*Task directions*
Of all the entries below, retype only the lines from the one with "Uw domoticasysteem uitbreiden met Extensions" through the one with "Auswärtiges villa borsig", exactly as they appear.

*Given records*
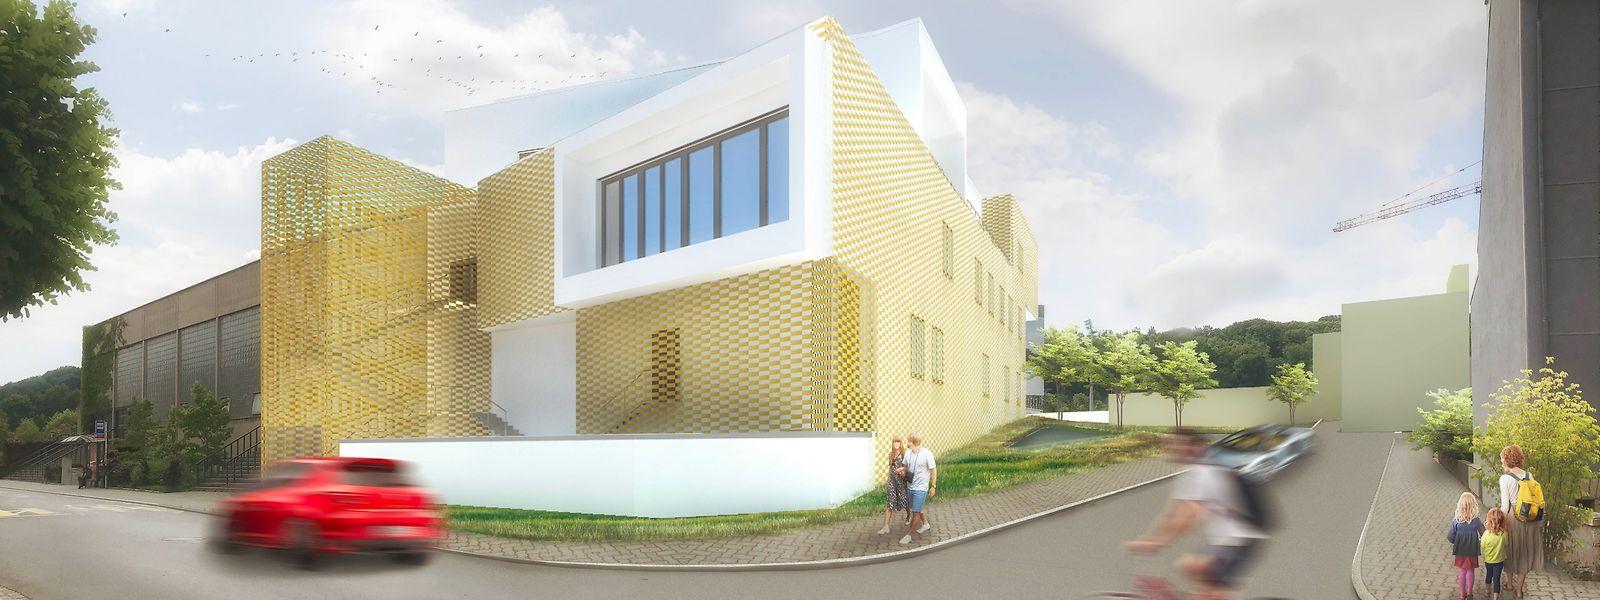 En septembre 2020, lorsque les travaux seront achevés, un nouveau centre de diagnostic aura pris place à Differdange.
* * *
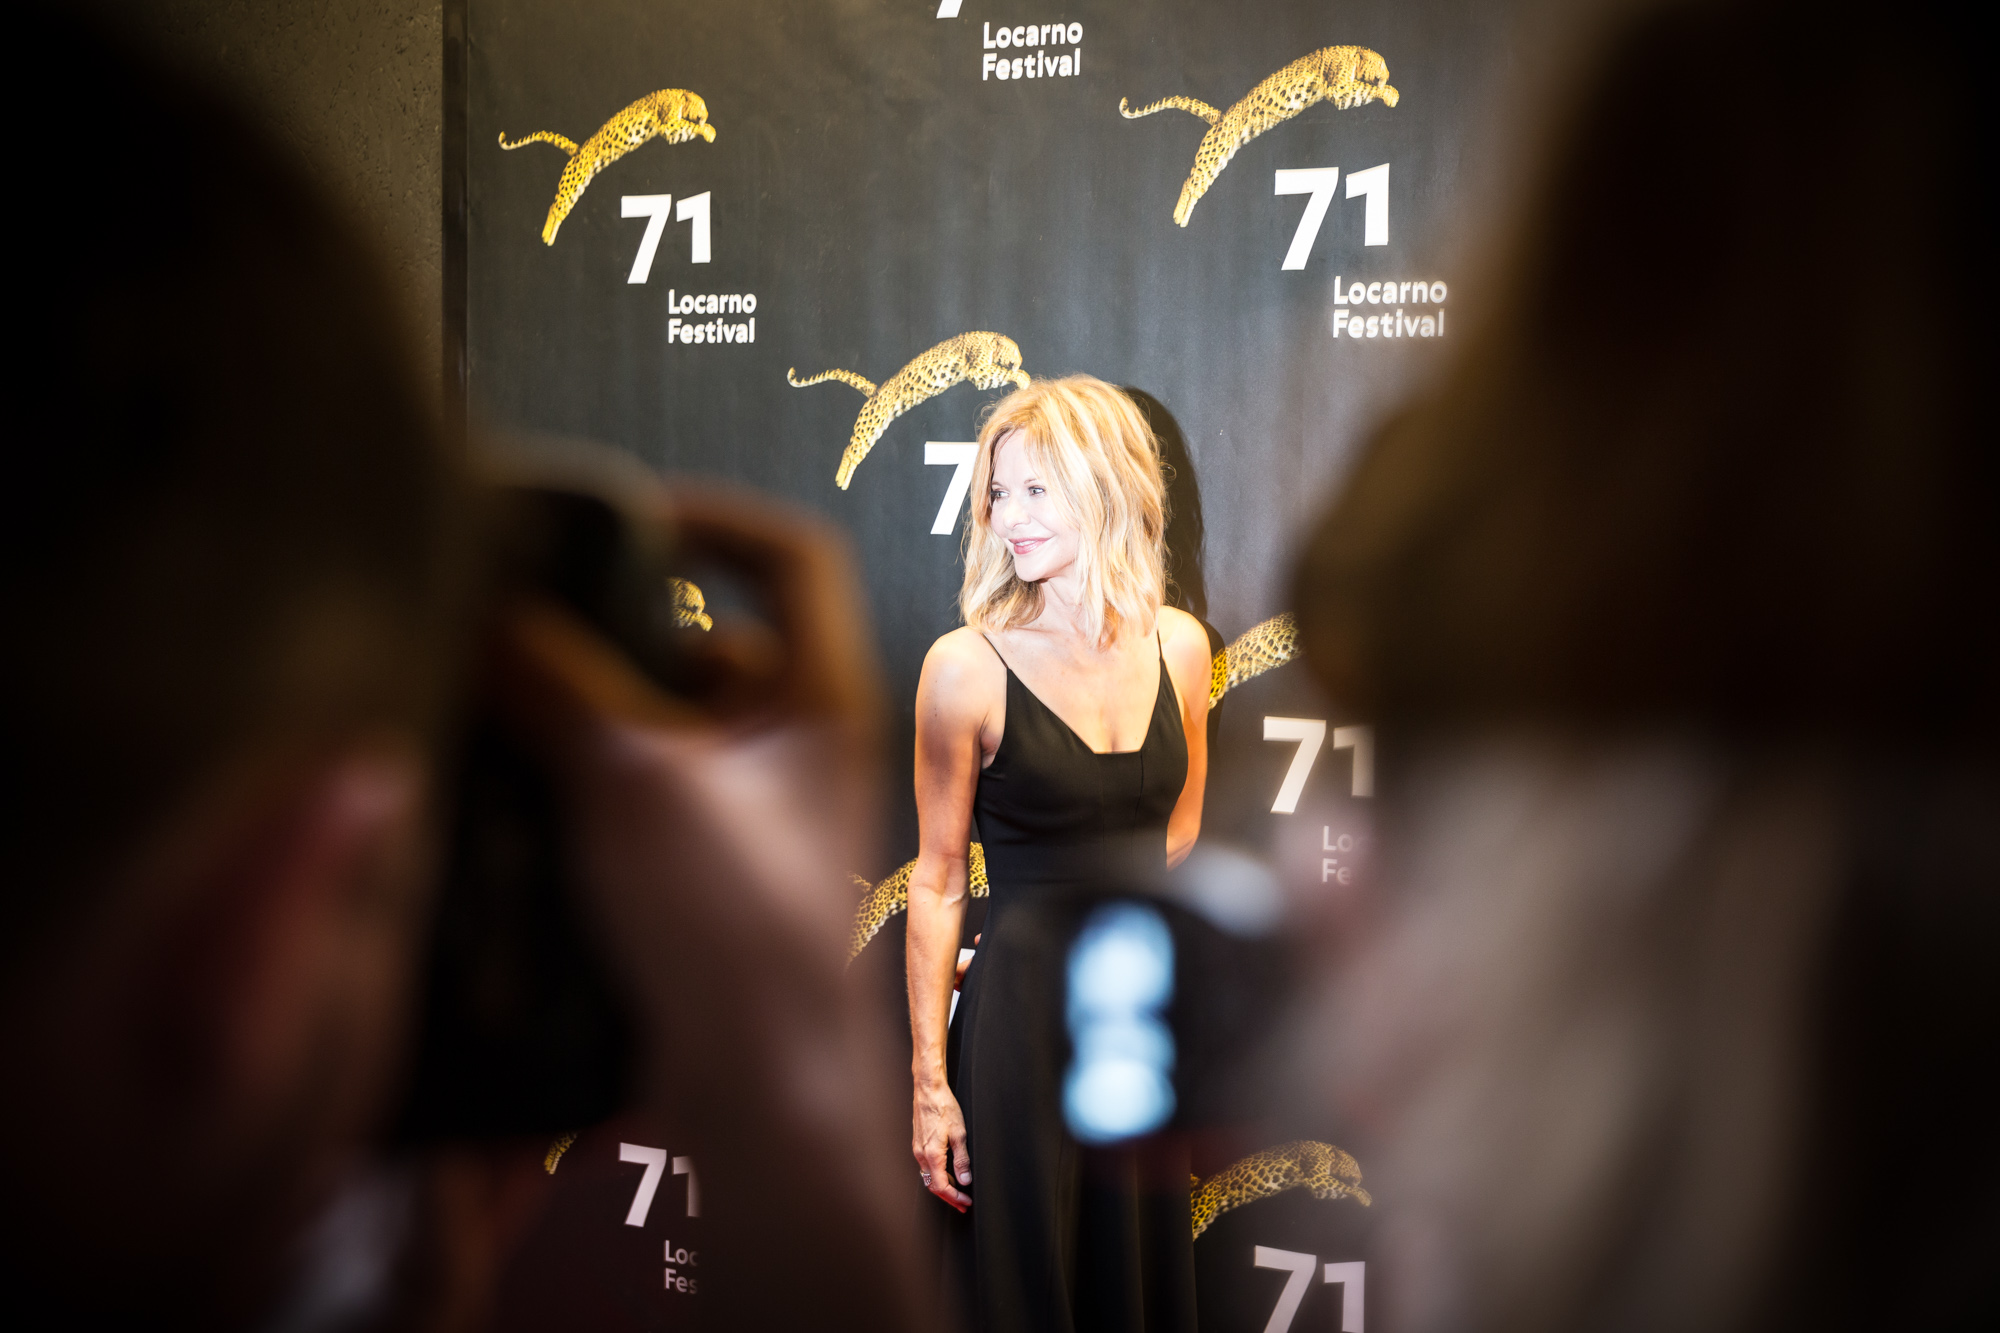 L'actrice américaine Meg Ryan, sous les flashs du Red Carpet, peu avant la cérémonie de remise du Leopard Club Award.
--
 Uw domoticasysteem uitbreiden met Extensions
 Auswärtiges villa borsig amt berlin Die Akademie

*Exercise result*
 Uw domoticasysteem uitbreiden met Extensions
 Auswärtiges villa borsig amt berlin Die Akademie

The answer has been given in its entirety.